- Born: Mansi Joshi 5 September 1994 (age 31) Bangalore, Karnataka
- Occupation: Actress
- Years active: 2018–present
- Known for: Mr. Manaivi Paaru Anna Thangi Chandrikayilaliyunna Chandrakantham

= Mansi Joshi (actress) =

Indian actress

Mansi Joshi is an Indian actress who works in the Kannada, Telugu, Tamil and Malayalam television industries. She made her debut in the Kannada TV series Radha Ramana on Colors Kannada. She is known for playing the lead roles in the TV series Mr. Manaivi, Anna Thangi, Paaru, and Chandrikayilaliyunna Chandrakantham.

==Personal life==
Mansi Joshi was born on 5 September 1994, in Bengaluru, Karnataka.

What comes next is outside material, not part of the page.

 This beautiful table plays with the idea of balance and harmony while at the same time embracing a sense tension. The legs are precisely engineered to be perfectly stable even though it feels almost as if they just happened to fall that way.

Mansi Joshi got engaged to her long-time partner, Raghava, on October 20, 2024, in an intimate ceremony held in Bengaluru. The couple got to married on 18 February 2025.

==Career==
She is known for her performances in popular television serials such as Paaru, and Anbudan Kushi, Chandrikayilaliyunna Chandrakantham. In addition to acting, Mansi has a background in modeling and is a trained dancer.

==Television==

| Year | Show | Role | Language | Channel | Notes | Ref. |
| 2018–2019 | Radha Ramana | Raman's sister | Kannada | Colors Kannada | Replaced Raksha |  |
| 2018-2024 | Paaru | Anushka | Zee Kannada |  |  |
| 2020 | Anbudan Kushi | Kushi | Tamil | Star Vijay | Replaced by Reshma Venkatesh |  |
| 2021–2022 | Anna Thangi | Sandhya | Kannada | Udaya TV | Replaced by Jessica |  |
| 2020–2022 | Devatha - Anubandhala Alayam | Satya | Telugu | Star Maa |  |  |
| 2020–2021 | Amrutha Varshini |  | Telugu | Gemini TV |  |  |
| 2023–2024 | Mr. Manaivi | Swetha | Tamil | Sun TV |  |  |
| 2023–2024 | Geethanjali | Shruti | Telugu | Gemini TV |  |  |
| 2024–2025 | Chandrikayilaliyunna Chandrakantham | Alakananda | Malayalam | Asianet | Replaced Lakshmi Priya |  |
| 2024 | Myna | Radha | Kannada | Udaya TV |  |  |
| 2024–2025 | Bhairavi | Bhairavi | Telugu | Gemini TV | Replaced by Anjana Srinivas |  |
| 2025–2026 | Jodi Hakki | Akshara | Kannada | Zee Power |  |  |
| 2026–present | Adi Lakshmi Purana | Amrutha | Kannada | Zee Kannada | Replaced Rakshita |  |

==Music video==
- Radhe Radhe (2021)

==Controversy==
On 20 July 2020, Mansi revealed through social media that she has been cyberbullying by an unknown person who spreads fake information about her. She also filed a police complaint regarding the matter.